### WORK TO BE COMPLETED
The whole listing below should be printed again exactly, with no images.

### RAW DATA

=== Section Start ===

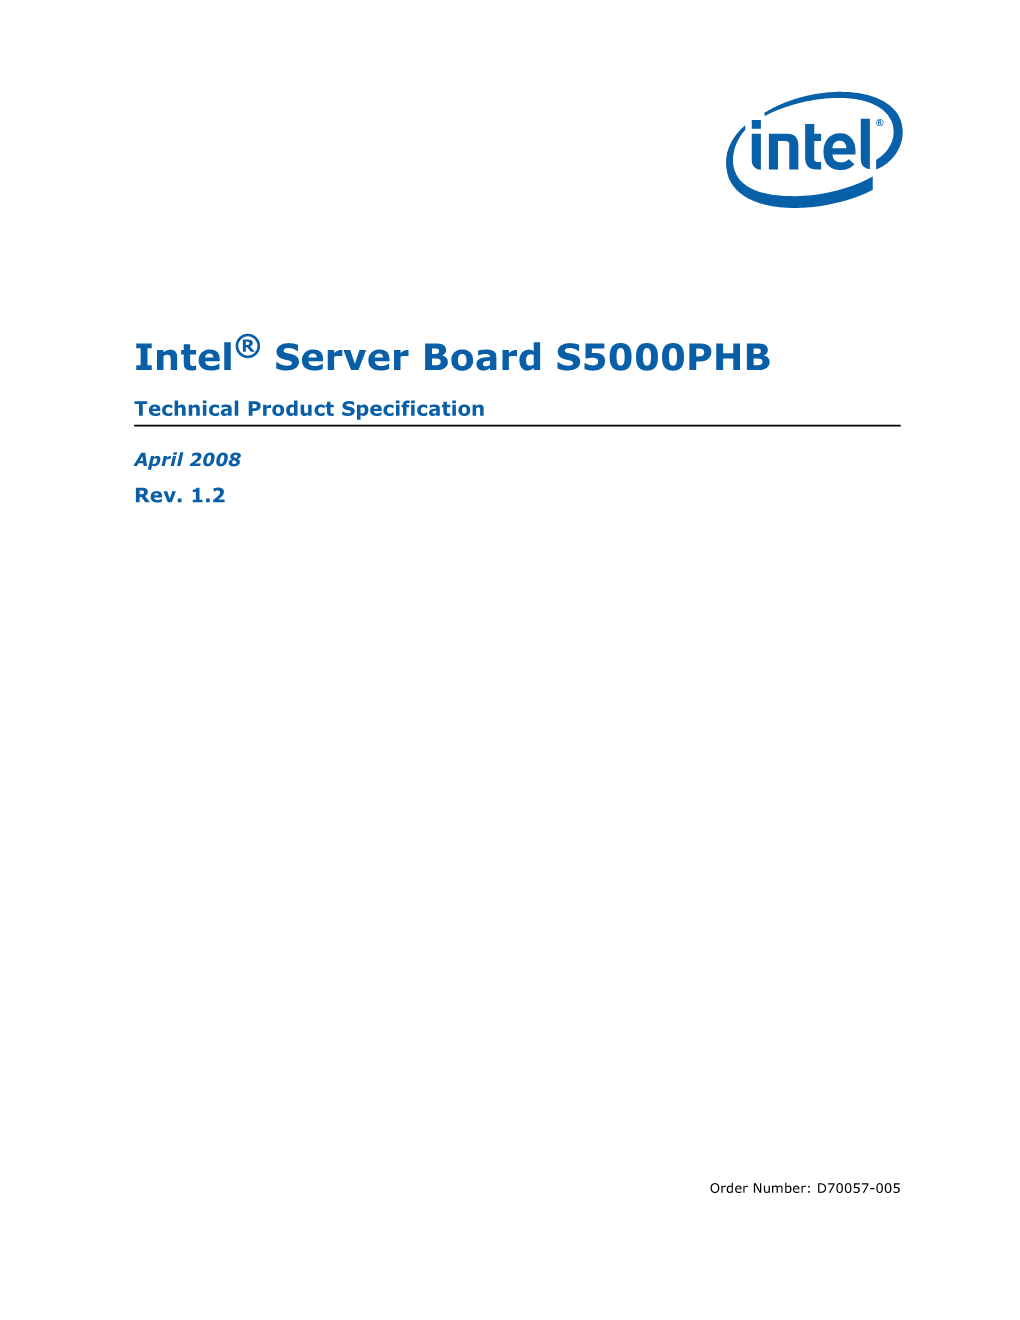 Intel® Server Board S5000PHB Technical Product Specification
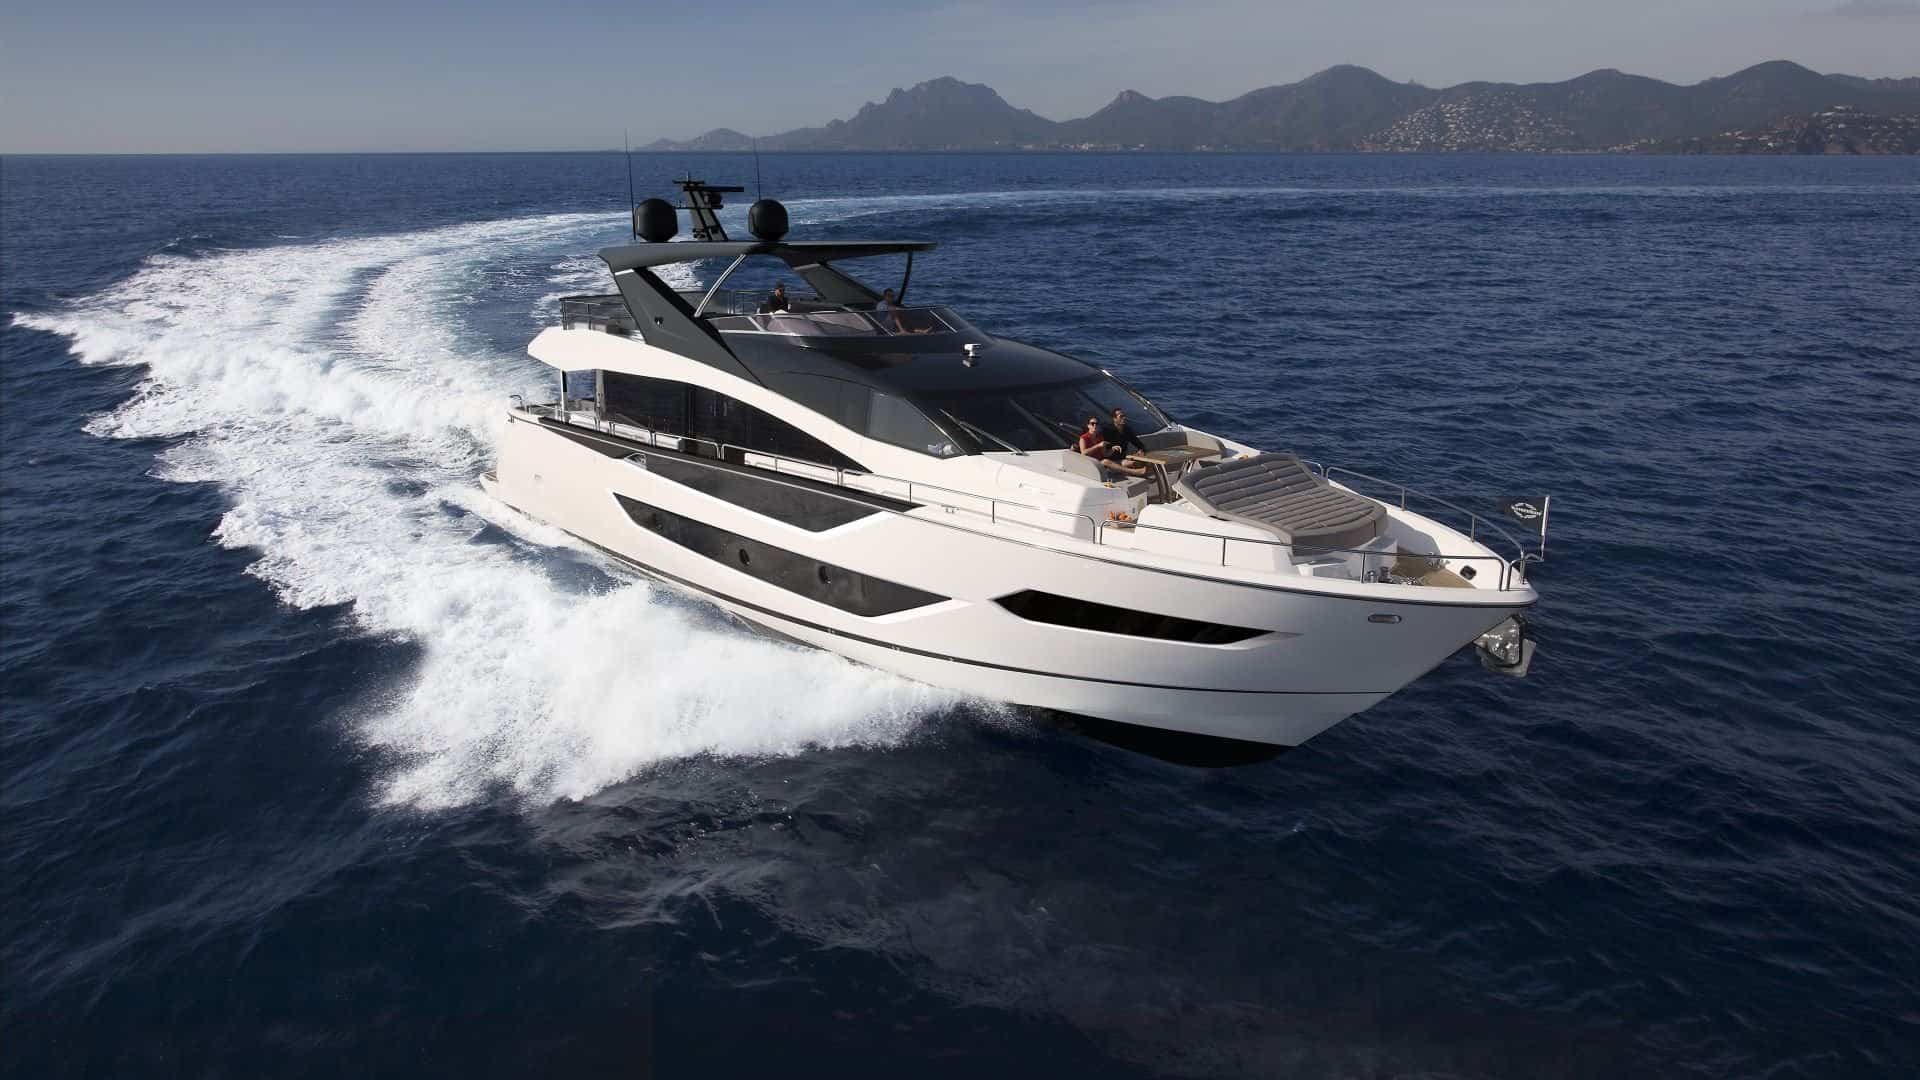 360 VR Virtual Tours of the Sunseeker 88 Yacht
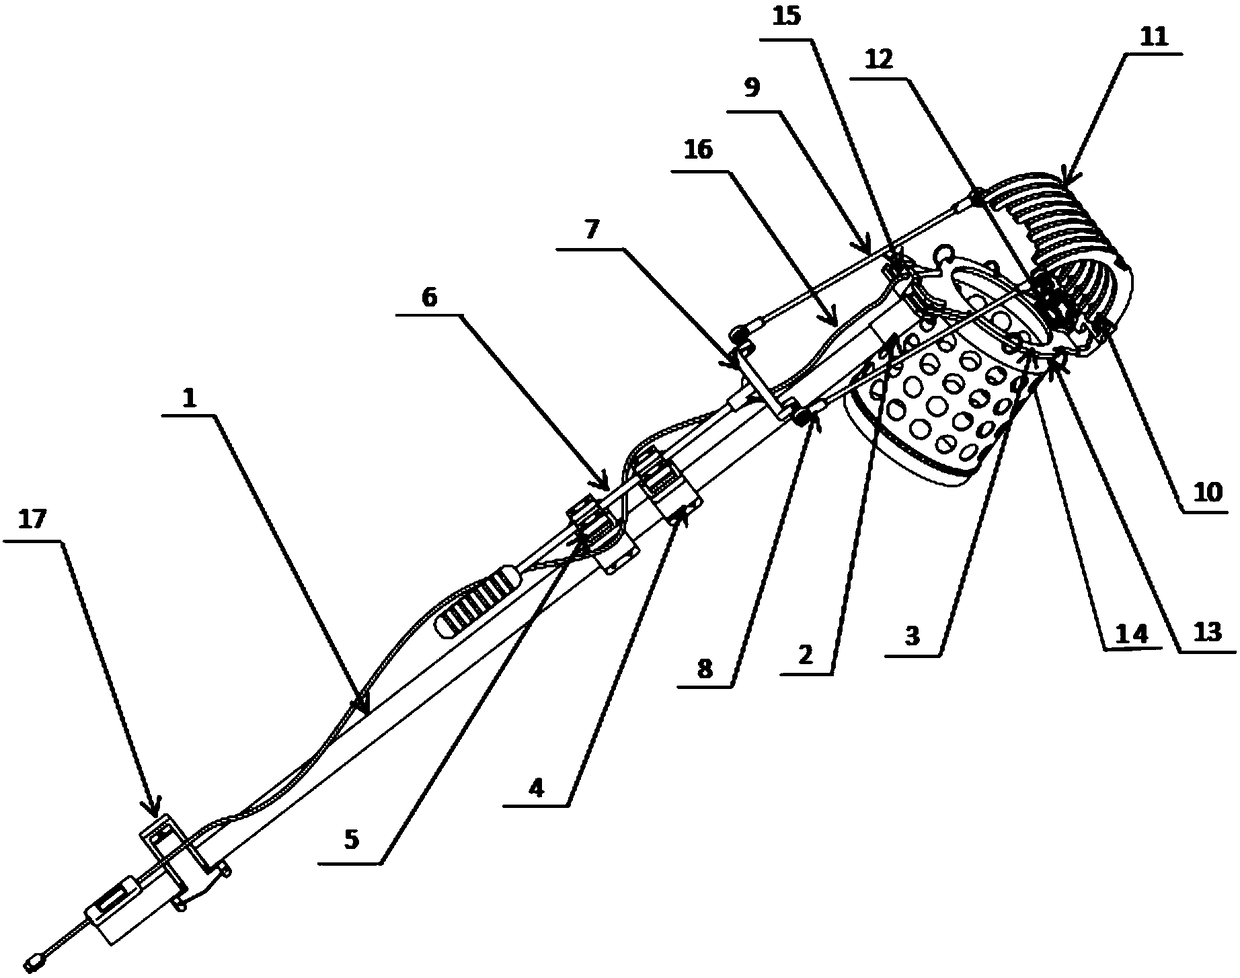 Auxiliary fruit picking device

=== Section End ===

### EXERCISE SOLUTION
 Intel® Server Board S5000PHB Technical Product Specification
 360 VR Virtual Tours of the Sunseeker 88 Yacht
 Auxiliary fruit picking device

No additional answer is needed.